- [Problem to solve]
Each line of the data below between the one containing "Crveni baloni - trešnjice, kao" and the one containing "OnePlus A3003 sample", both included, is to be repeated exactly. Please omit pictures.

- [Excerpted records]
* * * *

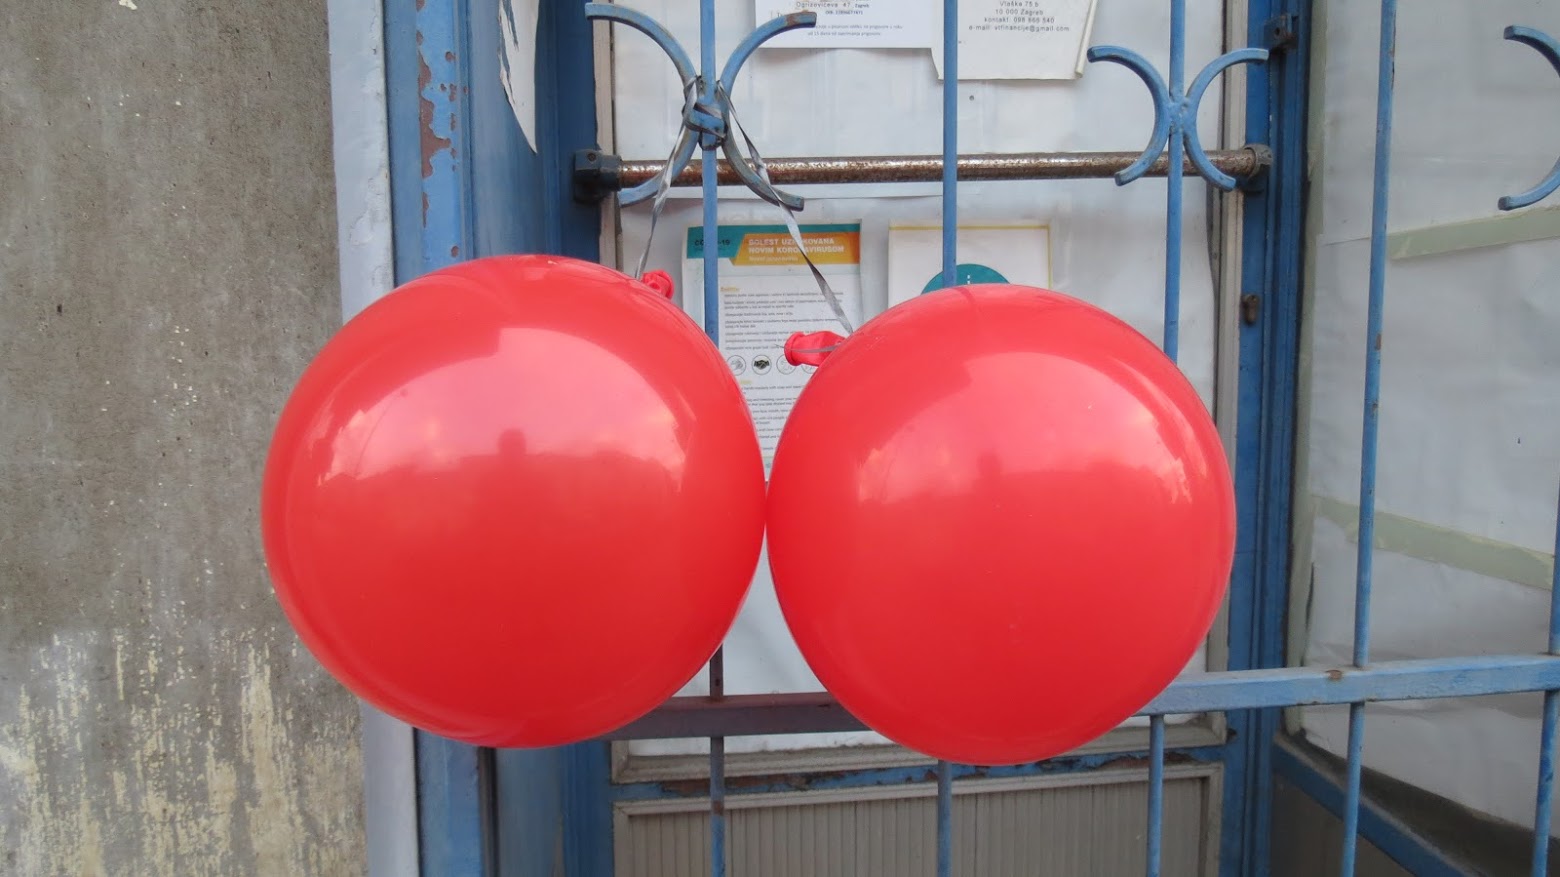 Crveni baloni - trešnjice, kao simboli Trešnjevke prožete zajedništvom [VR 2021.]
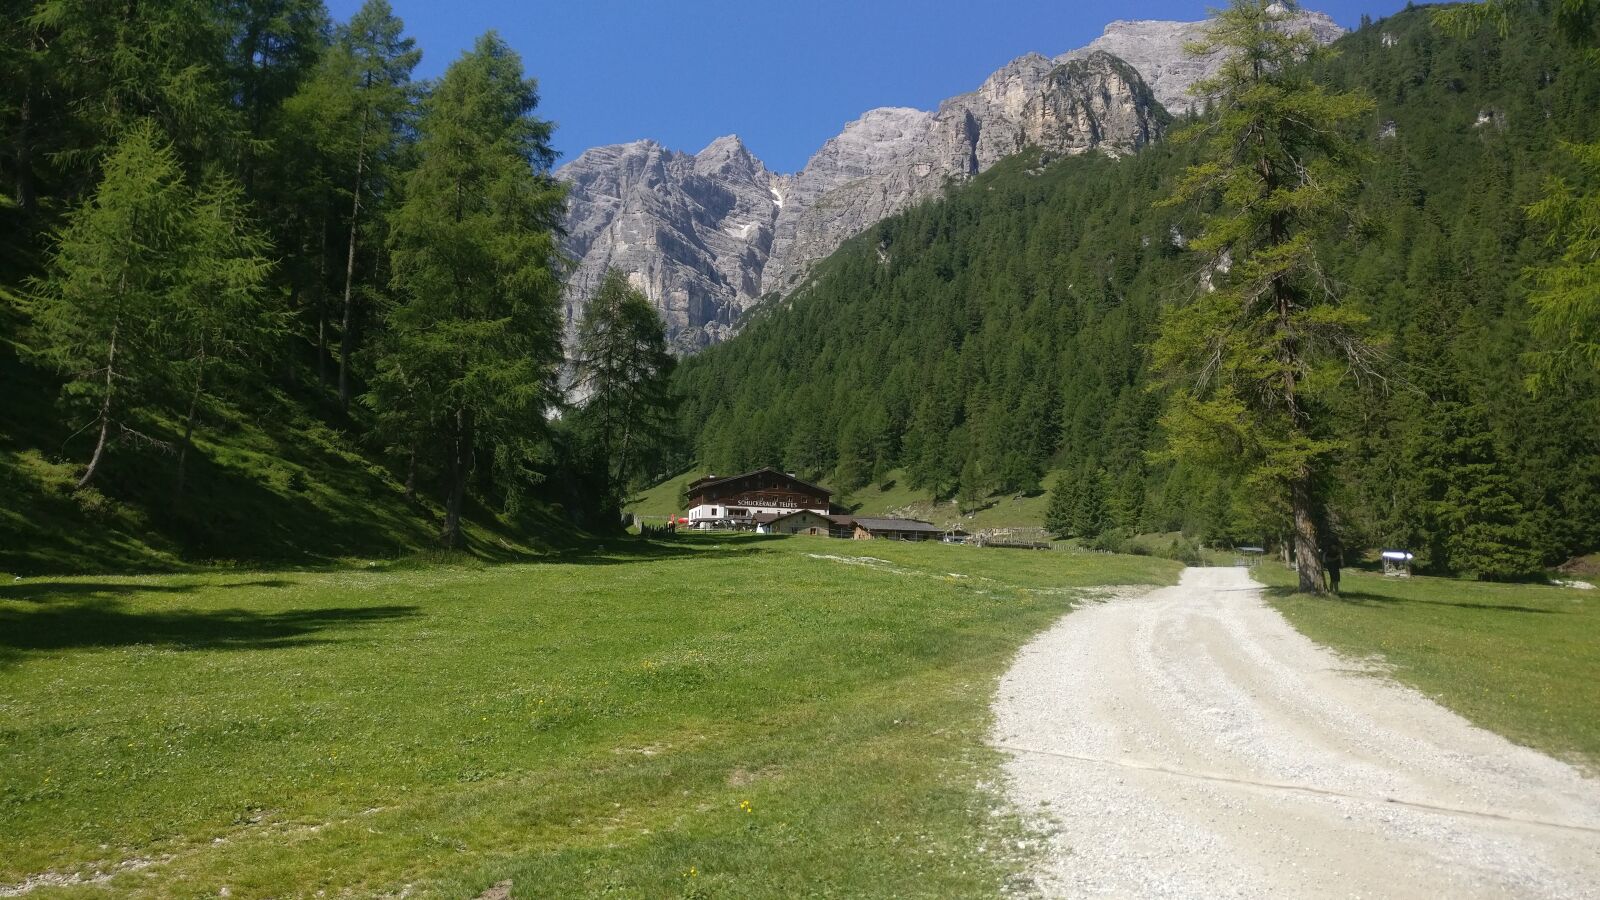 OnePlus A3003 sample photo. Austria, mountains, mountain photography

* * * *

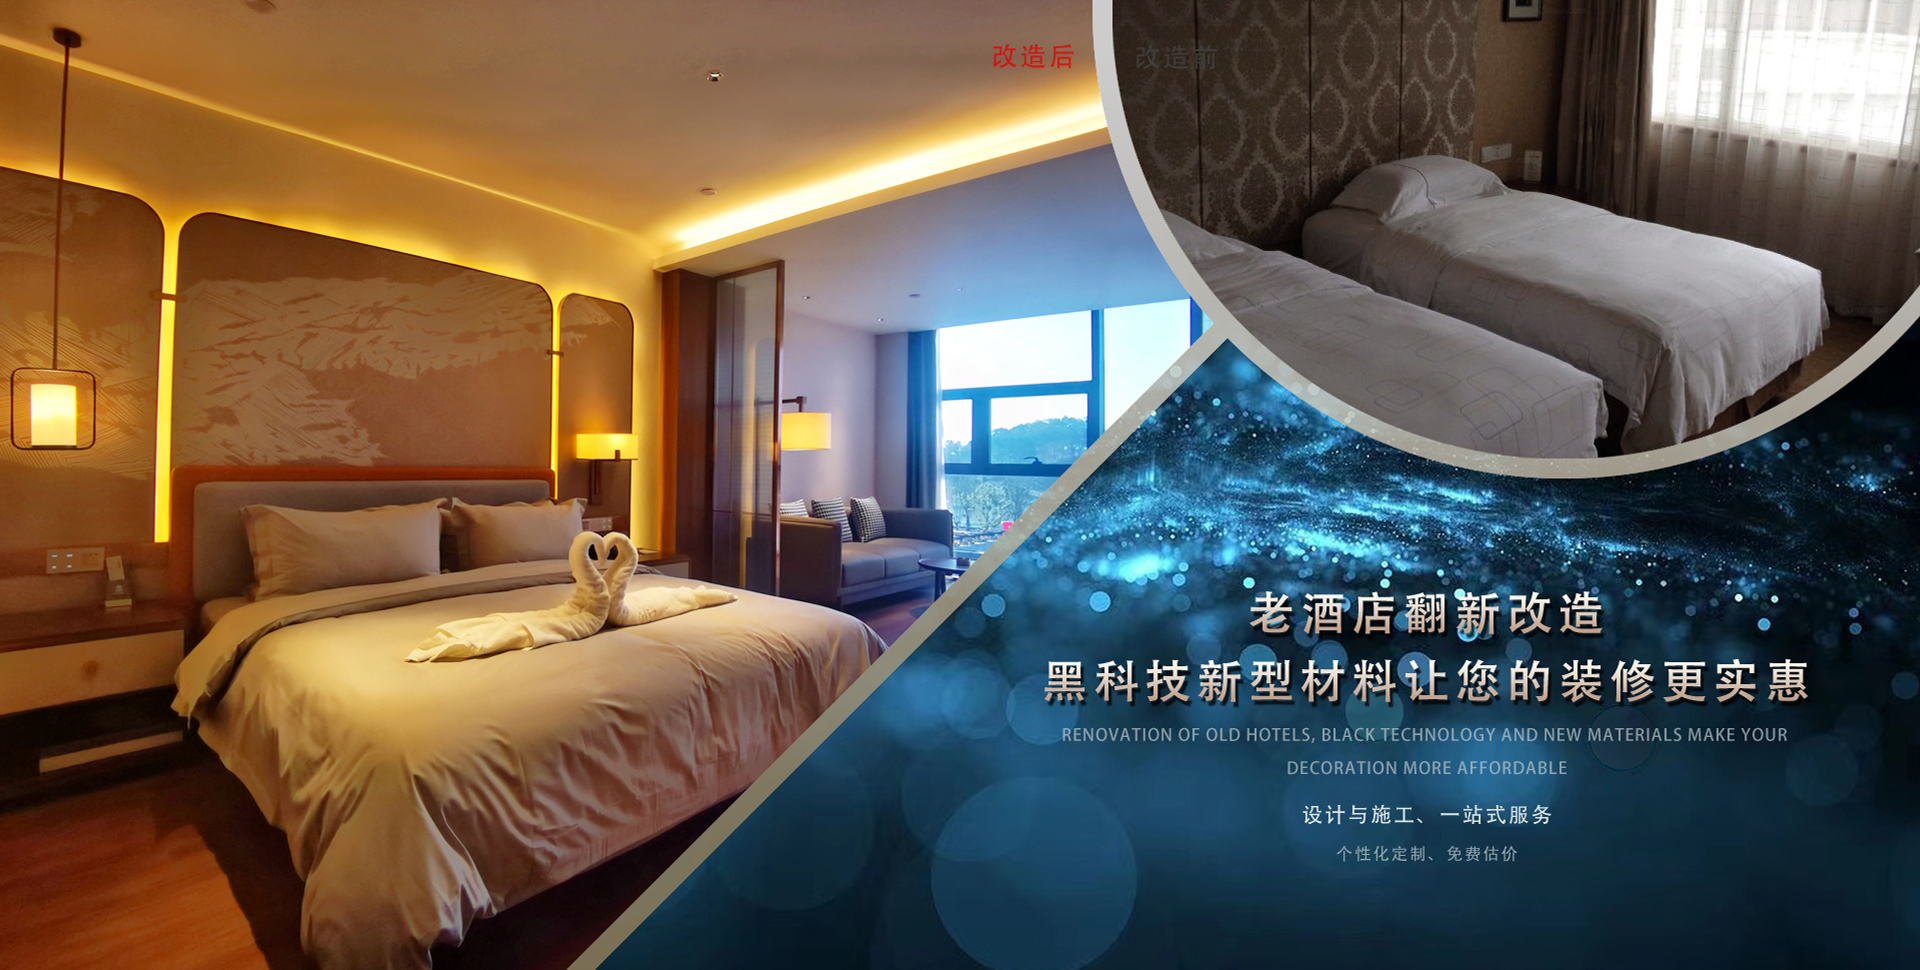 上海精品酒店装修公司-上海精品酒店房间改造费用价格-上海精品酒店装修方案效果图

* * * *

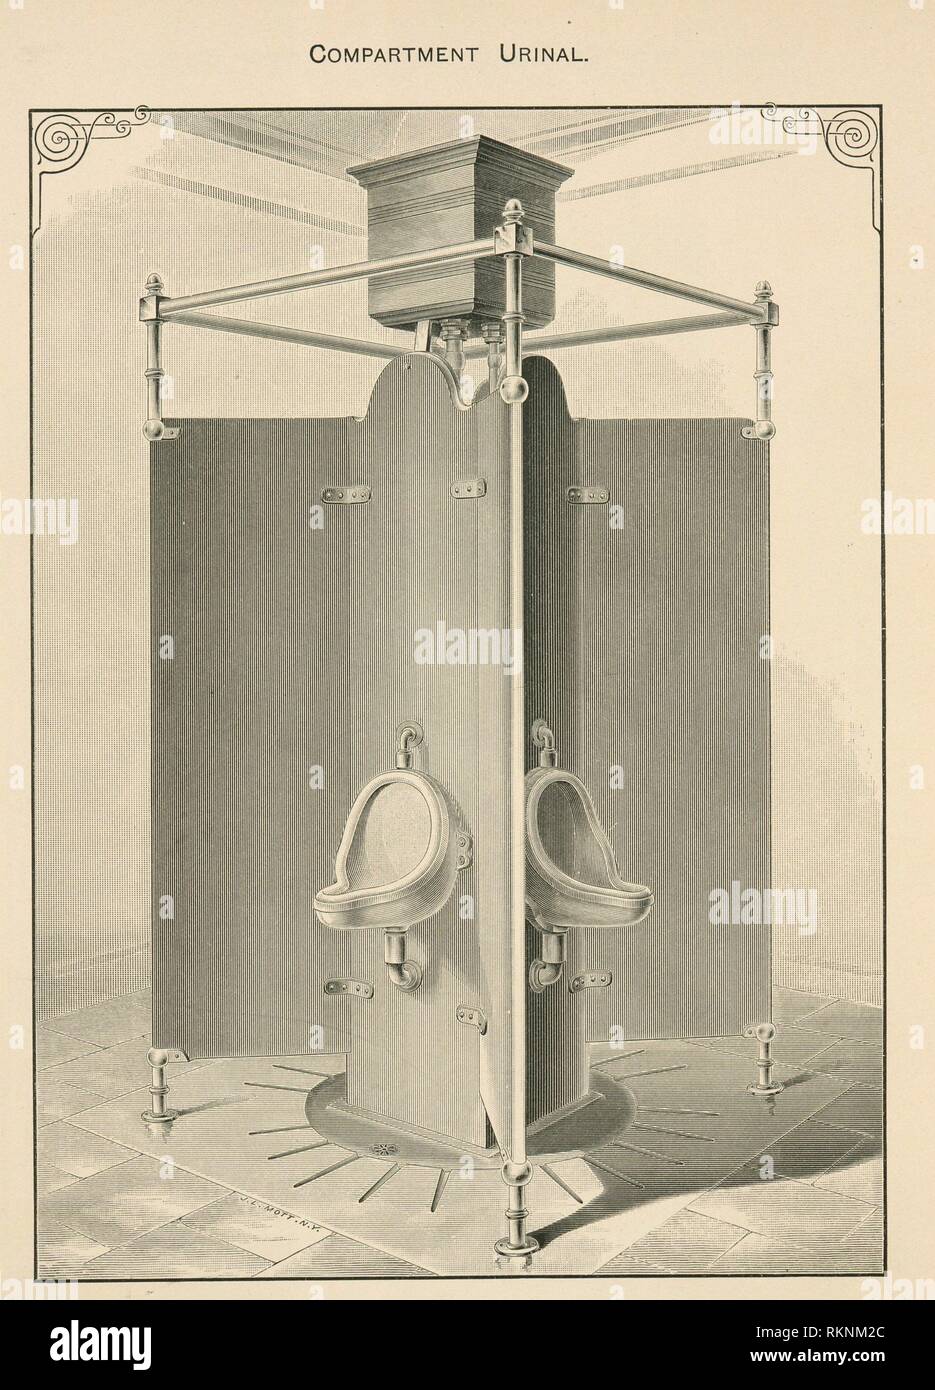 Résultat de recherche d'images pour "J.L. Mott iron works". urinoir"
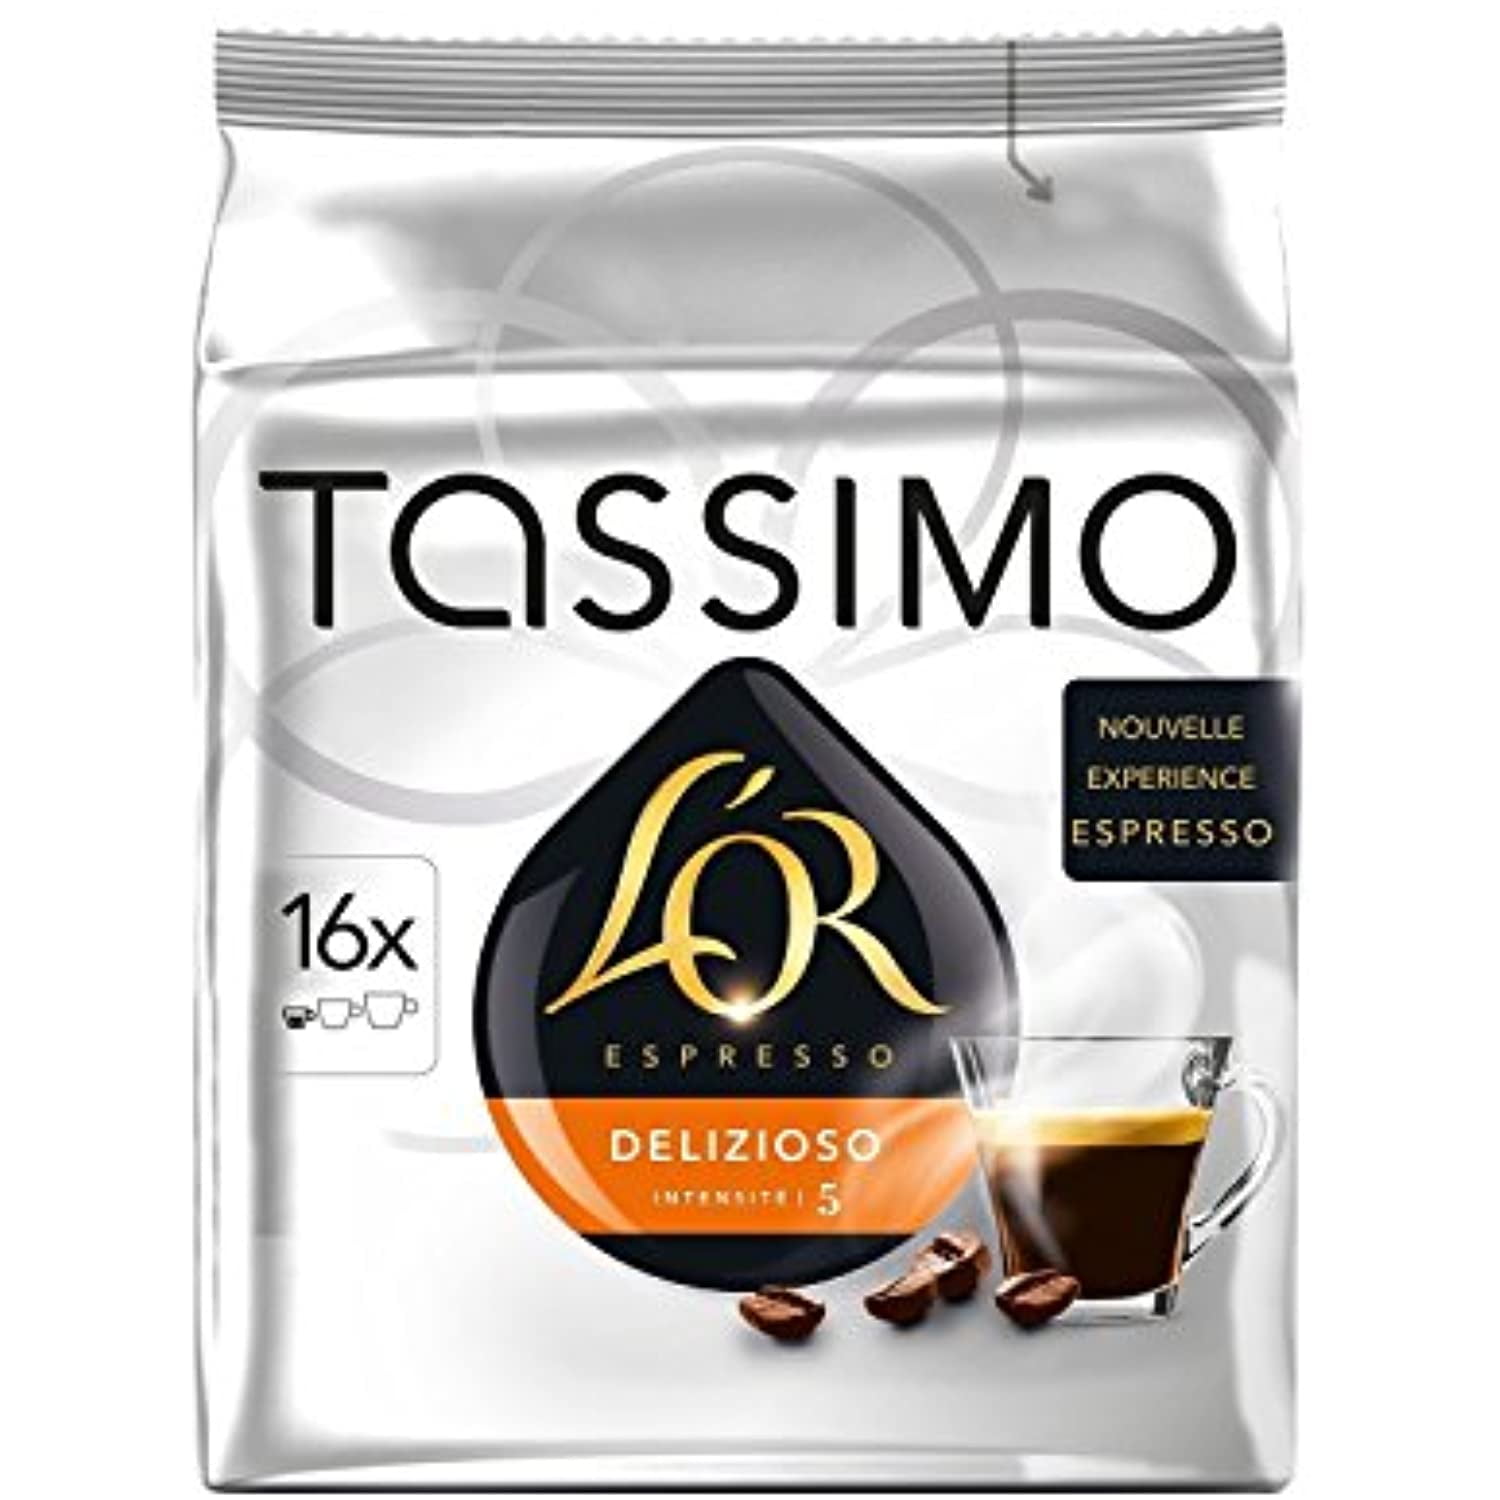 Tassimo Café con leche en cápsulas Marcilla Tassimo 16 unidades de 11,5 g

* * * *

- [Finished task]
 Crveni baloni - trešnjice, kao simboli Trešnjevke prožete zajedništvom [VR 2021.]
 OnePlus A3003 sample photo. Austria, mountains, mountain photography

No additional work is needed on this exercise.